According to the NEA: Campaigns “provide a structured approach to addressing specific issues by mobilizing resources, engaging stakeholders, and building collective power. Through strategic planning and targeted actions, campaigns enable groups to focus their efforts on achievable goals that create tangible improvements in people’s lives. … Ultimately, campaigns are not just about achieving immediate objectives but also about creating a foundation for sustained progress and long-term impact.”


In the “Centering Equity” component of the training, the NEA shares that “Race, class, and gender dynamics, disparities, and divisions permeate our society, communities, schools, and classrooms.”

“Systemic oppression is so deeply rooted in our history, culture, and institutions that there is no escaping it,” the training reads. “Visible or not, the impacts are ever-present.”

The Campaign Lab training then shares how to “engage in a systems analysis of a racial issue” and ensure that the “campaign demands center race, class, and gender justice.”

When addressing solutions to a problem, the NEA asks its participants to consider, “How would different racial groups be impacted by proposed solutions?” Participants are then asked to consider the causes of a problem, its history, solutions, strategies, leadership, and additional equity tool questions. These additional questions ask again, “How do our demands center race, class, and gender justice?”

The NEA then outlines a problems-oriented approach to campaigning that identifies a specific “demand” and a clear target. A target, according to the NEA, is a person or organization with the “decision making or resources to solve your problem.”

This problems-oriented approach includes a “primary power analysis” and “spectrum of allies” power analysis. The “primary power analysis” asks participants to examine their given campaign issue and pinpoint a target. The handout reads, “Be specific. A target has a name, a face, and an address.”

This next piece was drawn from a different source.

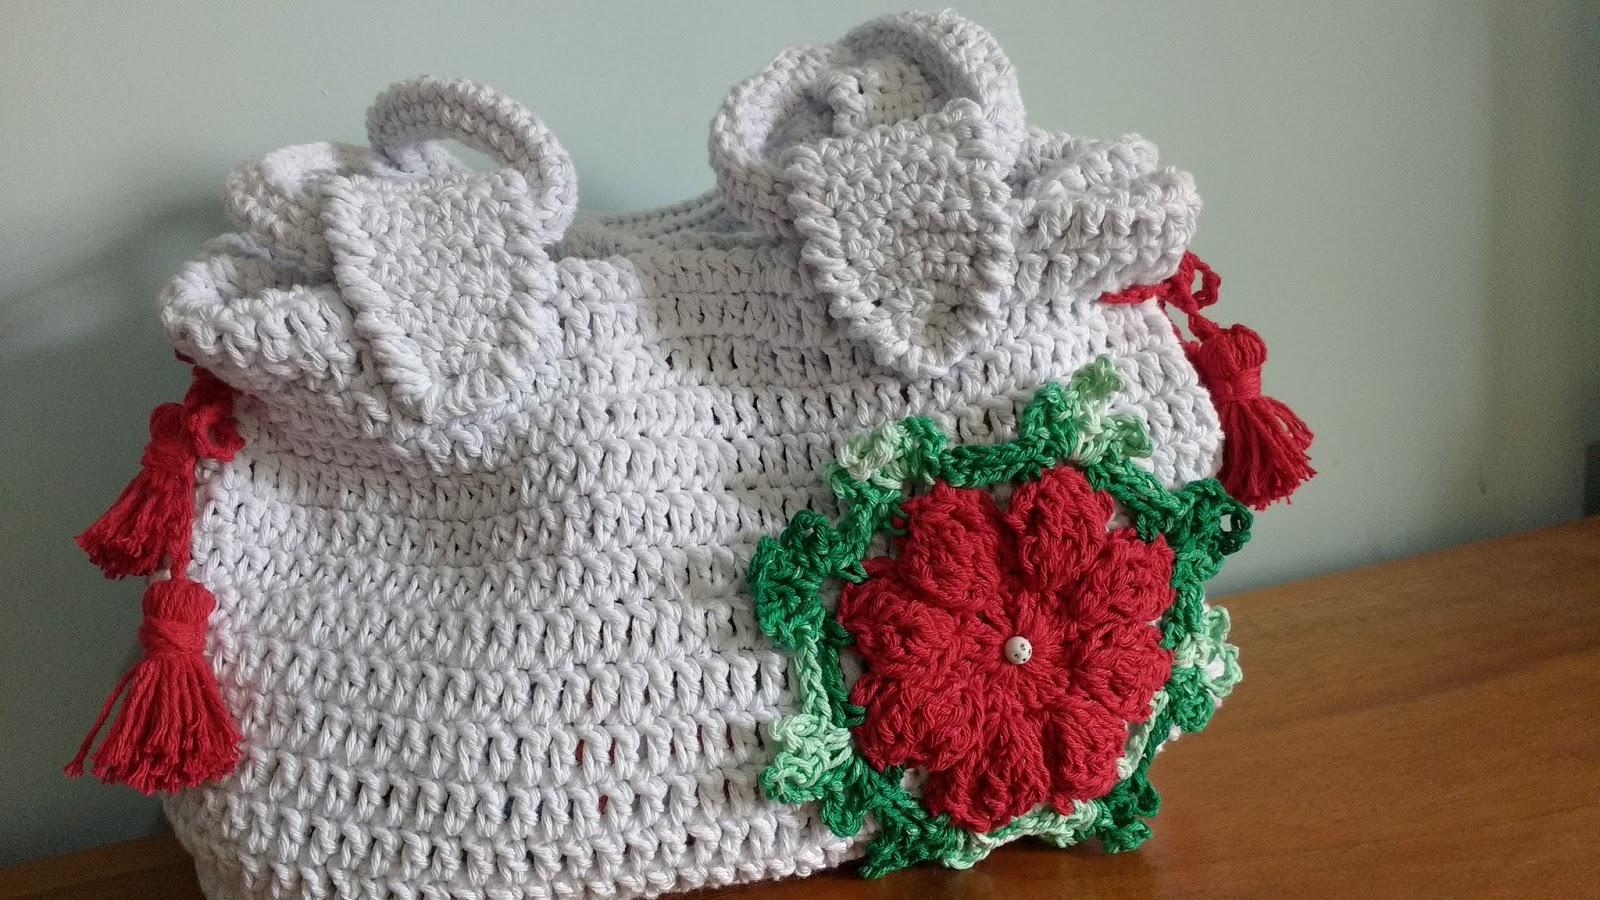 Bolsa De Croche Para Casamento : Croch? chique bolsa croch?

In a “Primary Target Power Analysis,” participants are asked to identify the target’s position, self-interest, relationships, and power, including questions such as, “What power does the target have and where does their power derive from?” In the “Spectrum of Allies Power Analysis,” the NEA teaches participants to organize their campaign by who is with them and against them. Specifically, the NEA categorizes people into active allies, passive allies, neutral, passive opponents, and active opponents.

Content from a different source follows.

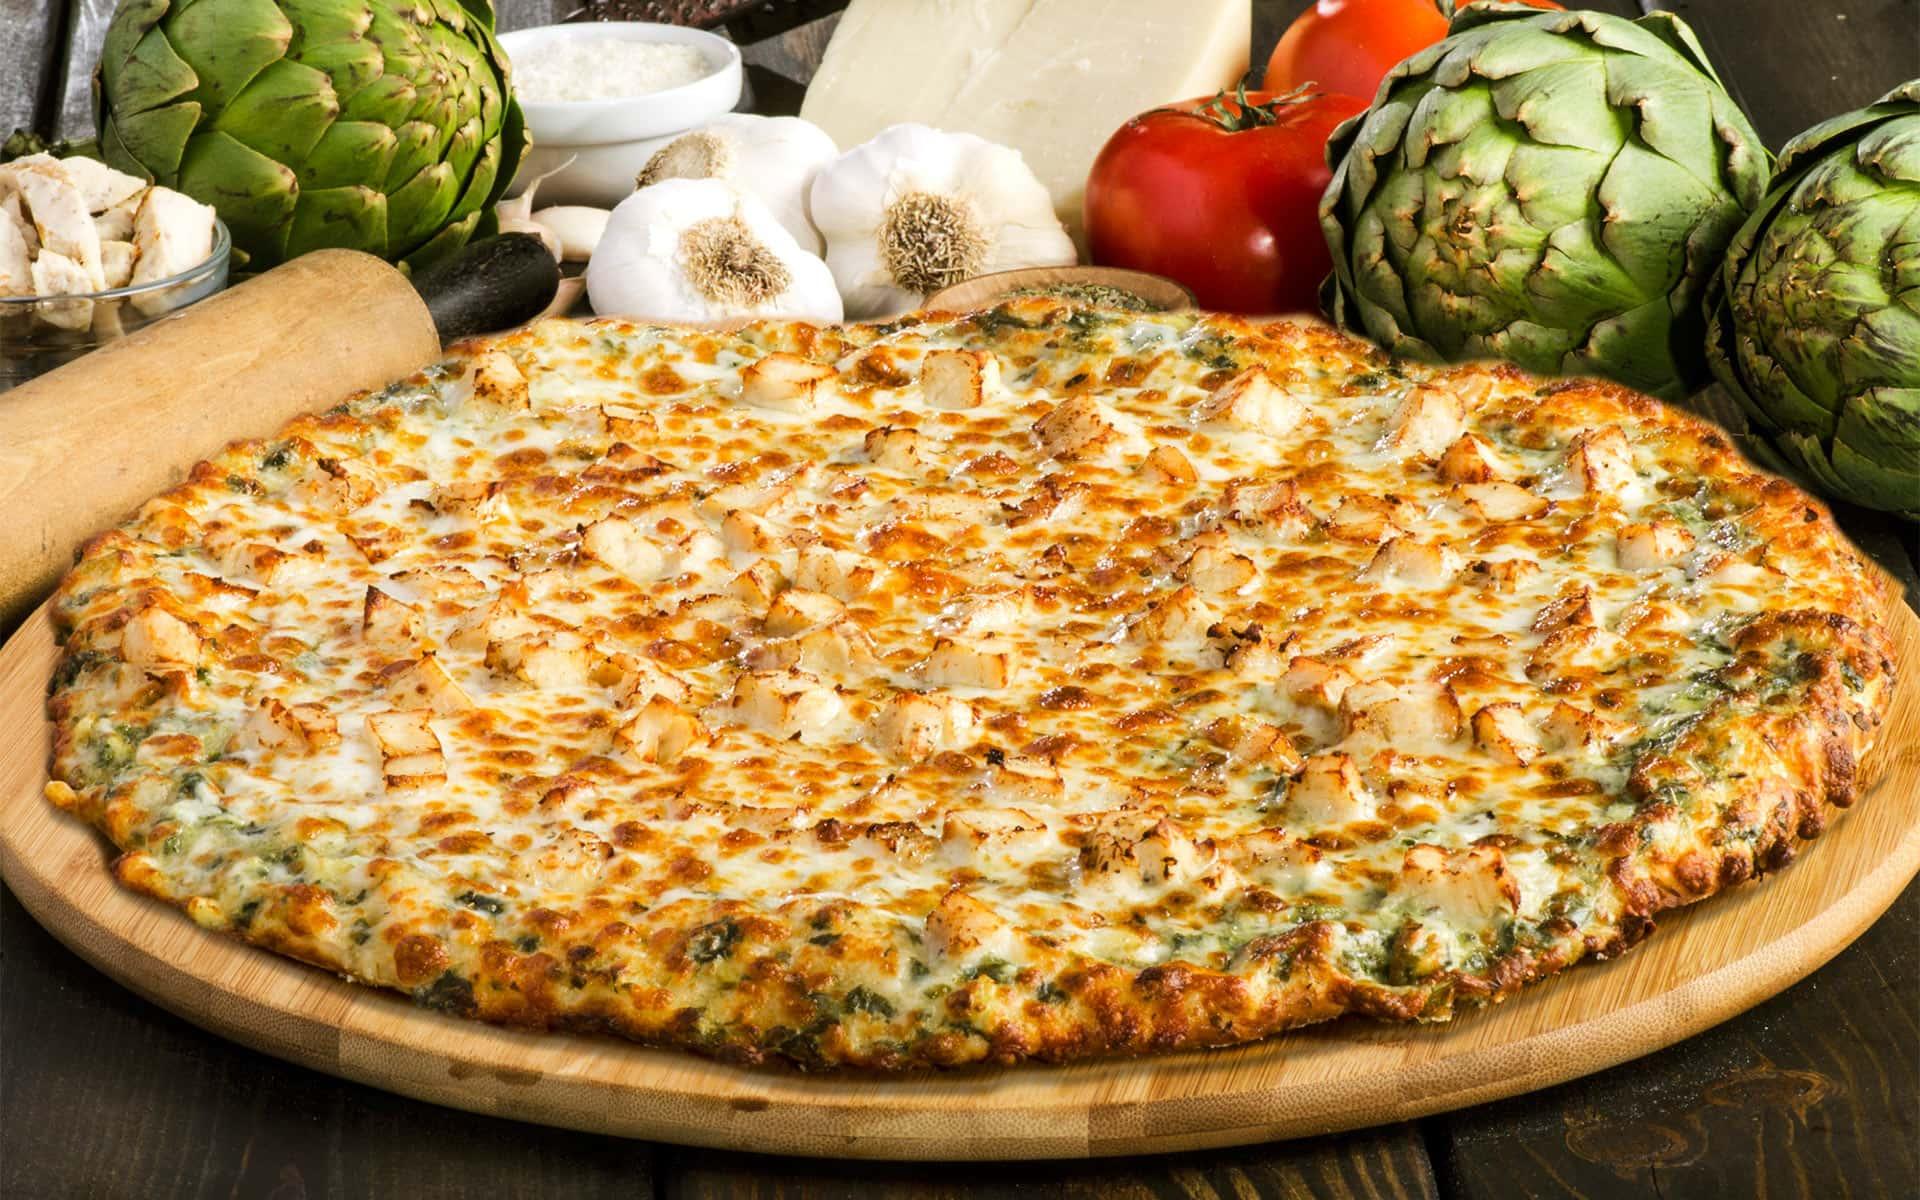 Sir Pizza Chicken Spinach Artichoke Pizza

In describing “Active Opponents,” the NEA characterizes them as: “people, organizations, institutions that you think have some interests that would be opposed to your vision; they may have relationships with people who are actively opposed to you.” The NEA continues, “If your target is located in this area of the spectrum – your tactic goal would need to put them into a great dilemma.”

The closing sections of the training, titled Messaging, Strategy and Tactics, and Building Power & Developing Leaders, once again asks participants to focus on their targets: “Put pressure on the target (push them out of their comfort zone)” and “Name how each tactic would disrupt the target(s) self-interest, relationships, or power.”